Why does tech support ask you to reboot (or restart) your machine when troubleshooting almost every time you call to troubleshoot the problem with your computer, printer, or any other smart device? “Restart your computer” seems to be a go-to solution for your computer technicians, sort of like “Put Windex on in” for Gus from My Big Fat Greek Wedding.
“Put Some Windex On It!” – Restart your PC
It may look like a quick “don’t know what your problem is, but I hope this restart will sort it out” strategy, but in reality, there are some good technical reasons for restarting your machine.
Did you know that over time your operating system gathers “leftover” digital junk, such as page files, temp (temporary) files intermittently used by running applications, disk caches, open file descriptors, Zombie Processes, and other mess that hangs around even after you have closed the apps that created them, for days or weeks, until you restart your system.
Tech Lingo Explained: Zombie Process is a defunct computer process that has completed execution but still has an entry in the process table. It is essentially a process in the “Terminated state.”
When these type of junk builds up in your computer, it starts to slow down your entire system over time. If you experience driver crashes or software malfunctions, you can also experience issues with your WiFi connectivity.
Putting your laptop or desktop computer to sleep or hibernate mode is not enough.
Hibernation will not solve the issue, because sleep mode still uses enough power to keep the system’s state in memory. While most parts of the computer are shut down to preserve the battery life, but the disk caches, temp files and more remain intact, leading to zombie processes and memory leaks. Additionally sleep mode does not take care of important security patches and updates!

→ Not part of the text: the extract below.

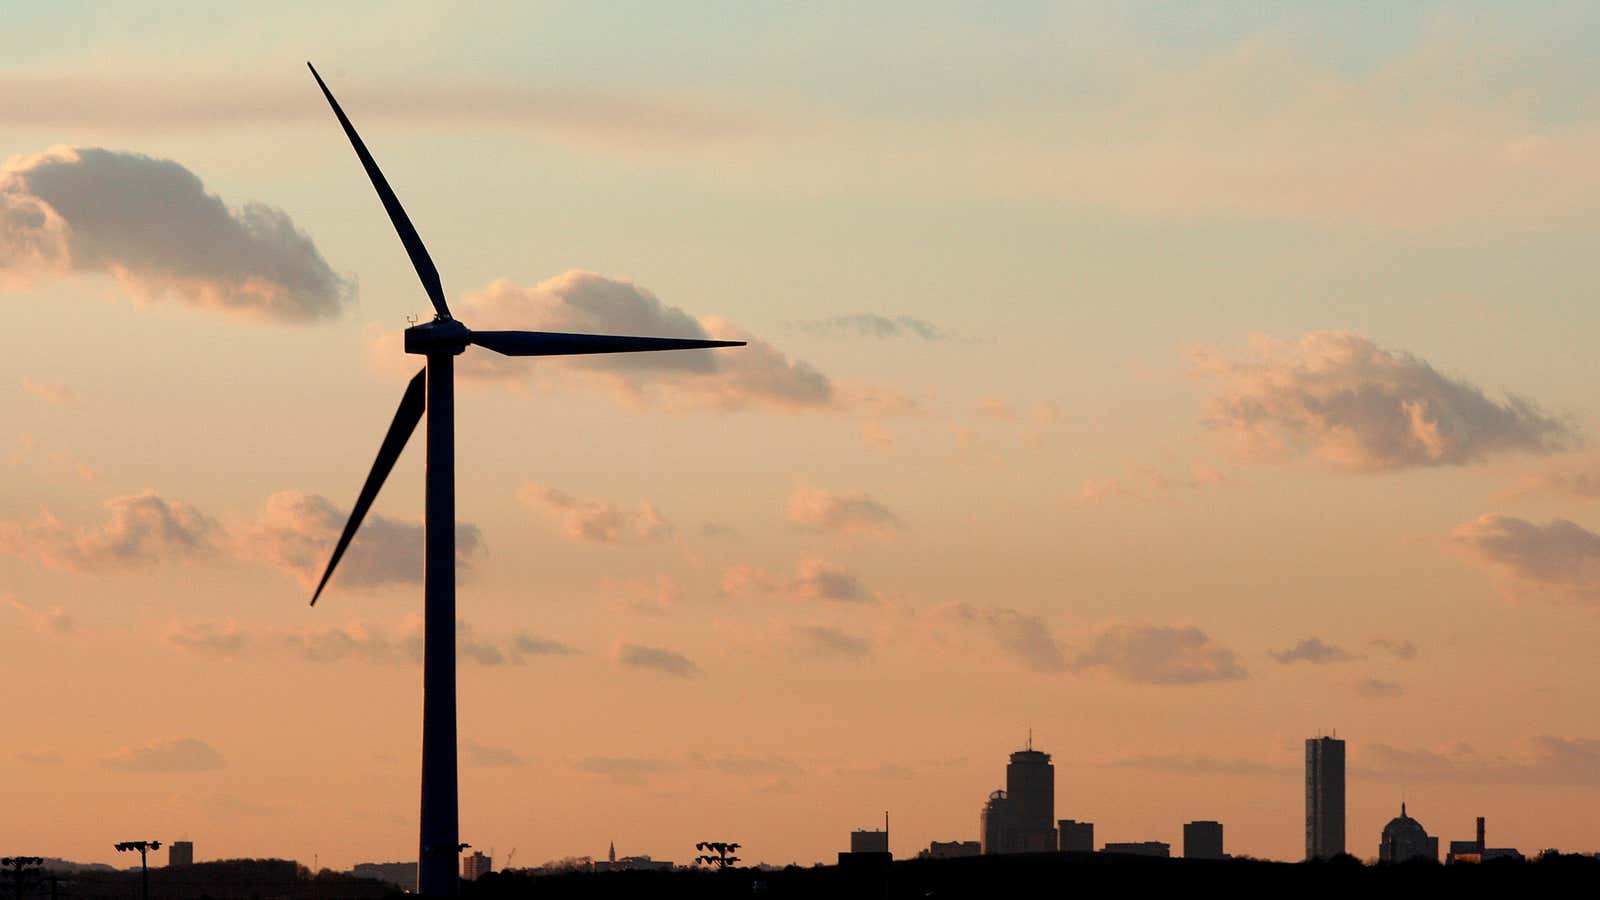 Is it sunset in renewable energy investments already?

Let’s review basic reasons for restarting your computer:
- During the troubleshooting session with your Tech Support specialist, we need to get connected remotely to your computer. If it is hanging or freezing, or the computer network driver has failed, a technician typically requests a restart/reboot to get us connected to your system so we can work on the issue at hand.
- System performance gradually decreases over a period of time (remember those zombie processes?) If you did not restart your computer in the last 72 days, it’s just a matter of short time period now before your machine freezes to a halt.
- Memory leak – a type of resource leak when a computer program mismanages memory allocations – can eat up your system’s resources. In such case restarting your machine clears out the RAM (Random Access Memory) and gets everything back to working order.
- Most important reason to restart your computer: Cybersecurity! The security patches, system, and application updates cannot be applied unless and until you restart. Both security and feature patches are meant to fix or improve your system’s and your software’s performance. Cybercriminals are able to create and implement zero-day vulnerability exploits in less than 24 hours, so if your security patches and feature updates have not been installed and “activated” by a restart, your system can be compromised at any time.
What is a Restart Process?
And a follow-up question: Boot, Reboot, Start, Restart? What’s up with all the techno-lingo?
Boot and Reboot are the same as Start and Restart. A “Boot” is just more IT industry-specific of a phrase than a “Start”. So let’s stick with Start/Restart for simplicity.
- You Start the machine when it was physically turned off, by physically pushing the Power button on your computer. Start process loads an operating system and starts the initial processes, from the powered-off state.
- You Restart the machine when it was already on, and you select restart command to give it a fresh start: ideally you want to do a Warm Restart: when you manually navigate to the Restart option from your taskbar. When your computer is not responding at all, you can perform a Cold Restart by manually pushing the Power button to turn your computer off, and then after a few seconds pushing the Power button again to manually turn your machine on again. In technical terms, Restart is typically necessary after activities that affect system functionality make changes to the computer’s registry and after a Restart your computer runs with the new registry entries.
When to restart your computer?
When your tech support specialist asks for a restart, it’s a no-brainer. But in other scenarios, when should you do it?
Most of the time, when your systems are set up properly, your patches and updates are installed for you – but not all of them can be applied without a restart. Some of the changes require a force restart, while others just “request” a restart now versus a restart later. Admit it: some times you brush it off because we are all too busy during the day, and we opt for a later And sometimes that later takes place A LOT, like weeks, later.
Practical Advice: Remember, an improper shutdown is the main cause of disc corruption, and should not be commonly used. Avoid Cold Reboot (shuttting your computer down from the power source) if you can, and only resort to if all else fails.
Remember, all of the activities we discussed above benefit from a Restart process.
How to Perform a Warm Reboot:
- In your taskbar menu, go to Start
- Choose Turn Off your Computer > Restart.
- In your taskbar menu, go to Start
- Choose Turn Off your Computer > Turn Off
- Wait at least 10-20 second
- Now Start your computer manually by pushing a power button on your desktop.
So, next time we ask you to restart, remember, we want to rule out issues that may have been caused by lack of restart in the past, ant to get you working again as soon as possible. You may even want to restart your computer before you call your tech support.